There are many cases in my app when I don’t want to see all the entities in a collection. For example I may only want to see a list of members in a club who haven’t paid their yearly subscription. This is essentially just a query, but to make these queries easy to use I added them to my model as a property, like this one on the Club model:

public IEnumerable<Member> UnpaidMembers()
{
  return Members.Where(t => !t.Paid && t.DateResigned == null);
}

This pattern combined with the first one means that I have no control in my action method code to say which entities should be included in this query. You cannot call Include or CreateSourceQuery on IEnumerable.

Possible solutions

Repositories

I could create repositories for the entities being shown. We could have a Members repository with methods like this:

MemberRepository.GetMembersForClub(PianolaEntities context, int clubId, String include = null);
MemberRepository.GetUnpaidMembersForClub(PianolaEntities context, int clubId, String include = null);

Having the option to pass include parameters in should solve my SELECT N+1 problem and I can have different methods for my different filtered collections. I’d also wanted to introduce a repository before to help me with testing.

This seemed like a good idea till I read several posts by Oren which say that putting layers of abstractions over an ORM is a pointless exercise:

I completely see his point, but I’m not sure how and if this applies to the Entity Framework. I’ve not been able to find a good example yet of unit testing the Entity Framework without using a repository pattern. I also think this may be more difficult for me because I’ve generated my model from the database. Perhaps this is one of the reasons code first is better.

Filters

Assuming I can find a way to not use a repository then creating filter extension methods seems like a good way to reuse and label the queries I use.

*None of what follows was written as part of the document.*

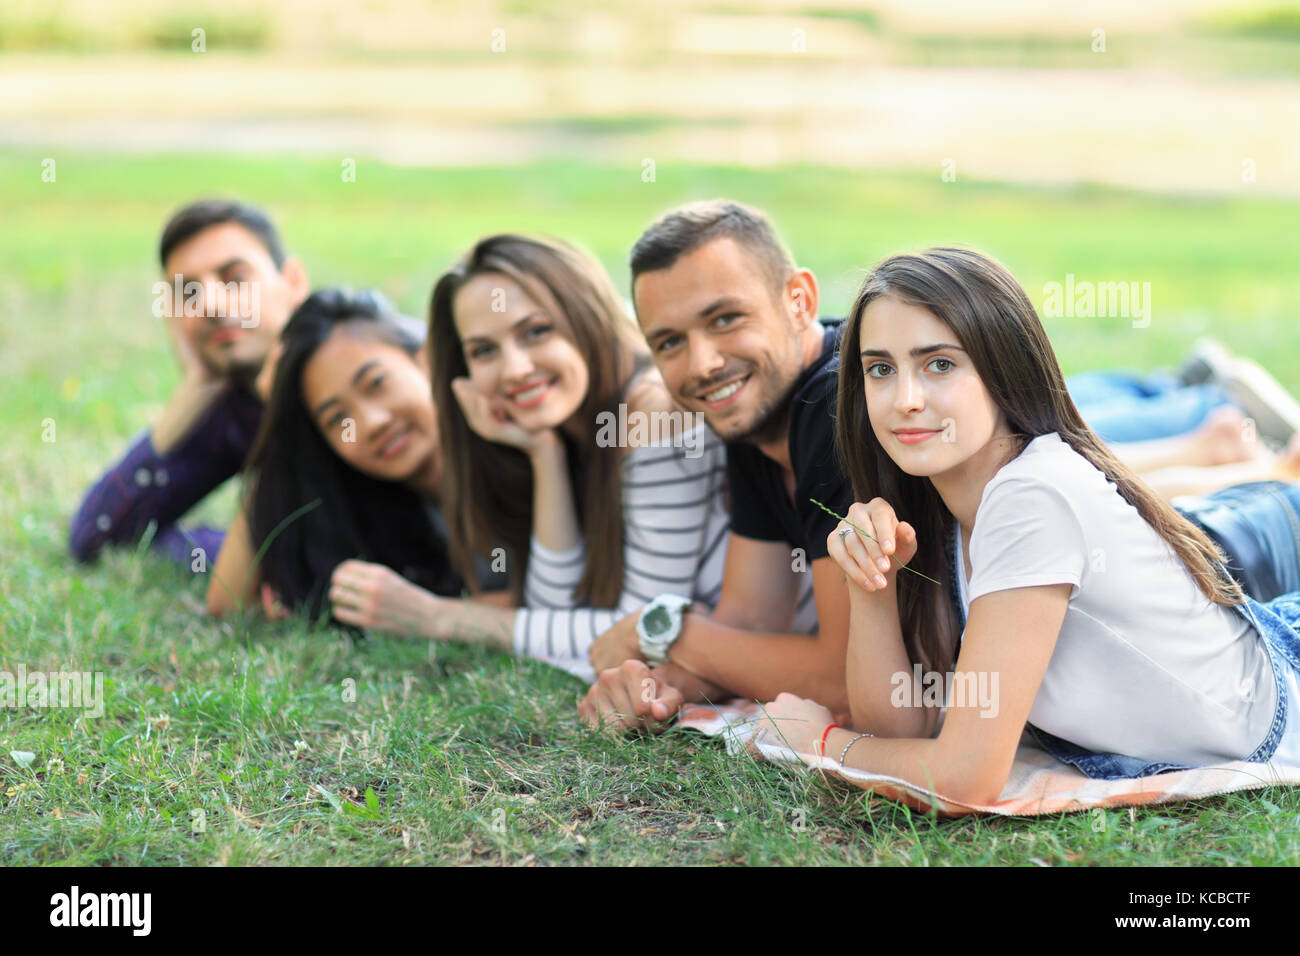 Group of five friends lying in row in park. Smiling young people with different ethnicity having fun outdoors. Focus on woman. Carefree students leisu Stock Photo

Here’s an example filter extension:

public static IQueryable<Member> WhereUnpaid(this IQueryable<Member> members)
{
  return members.Where(t.Paid && t.DateResigned == null);
}

I could use this as part of a query from the context and still include anything I needed to:

var unpaid = context.Members.Include(“Address”).WhereUnpaid().ToList();

I really like this idea. Running it through EF Profiler shows that it only makes one query when it loops through and shows addresses. It’s neat, gives me access to the context and should let me chain queries like this:

var unpaidClubMembers = context.Members
 .Include(“Address”)
 .WhereUnpaid()
 .WhereMemberOfClub(clubId)
 .ToList();

I’m just not sure how to unit test it. More research is still needed.

Conclusion

If you’re going to use an ORM then you better keep track of what SQL it’s producing. I’ve still got 26 days left on my trial copy of the Entity Framework Profiler, but this has already become a vital tool in my toolbox. So I will definitely buy it and I suggest you give it a go. As you can see I’ve made some big mistakes in my application and these would have had big consequences if these had lasted through to production. I don’t think you can afford not to use the EF Profiler.

I’ve not decided which of my two possible solutions I will use. Once I do and hopefully fix all my problems I will come back with a follow up post showing the improvements and hopefully an EF Profiler screenshot I can be proud of.

Kashyap said

Give LinqPad a go with your LINQ queries. You can view SQL output of the LINQ queries written against EF Models. Its a cheaper less efficient solution but it also allows you to experiment with the linq queries to see the output.